Елчанинов провел ее прямо в верхнюю горницу, где лежал Трамвиль. Девушка казалась очень взволнованной и, когда увидела лежавшего без сознания маркиза, пошатнулась, но совладала с собой и только крепче оперлась на руку ведшего ее Елчанинова.
— Я говорил, что вам лучше не ехать самой! — сказал он.
— Нет, нет! Ничего! — перебила его она и потом, сделав над собой усилие, добавила: — Он жив?
Елчанинов вопросительно взглянул на Варгина.
— Кажется, — ответил тот, тут только вспомнив и застыдясь, что совсем невнимательно исполняет взятую на себя роль сиделки.
— Доктор… где доктор? — спросила девушка.

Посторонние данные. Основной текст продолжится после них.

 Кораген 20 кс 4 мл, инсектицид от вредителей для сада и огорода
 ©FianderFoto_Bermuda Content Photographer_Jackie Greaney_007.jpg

В это время в комнату входил, приехавший с ней и с Елчаниновым в карете, старик-доктор. Он направился к больному, нагнулся над ним и приложил руку к его груди. Была минута томительной тишины ожидания, все затаили дыхание, притаились и замерли. Доктор покачал головой и произнес:
— Похоже на то, что все кончено!
Девушка дрогнула, доктор кинулся к ней, и по тому, что он оставил маркиза, можно было догадаться, что, действительно, все было кончено.
Но она оказалась не из тех, которые падают в обморок или впадают в истерику, когда, наоборот, от них требуются ясность сознания и бодрость.
— Во всяком случае надо увезти его скорее отсюда! — сказала она. — Скорее сделаем это, помогите мне.
Все немедленно подчинились ее влиянию и, как бы успокоенные ее самообладанием, начали хлопотать, но без суеты и излишней возни.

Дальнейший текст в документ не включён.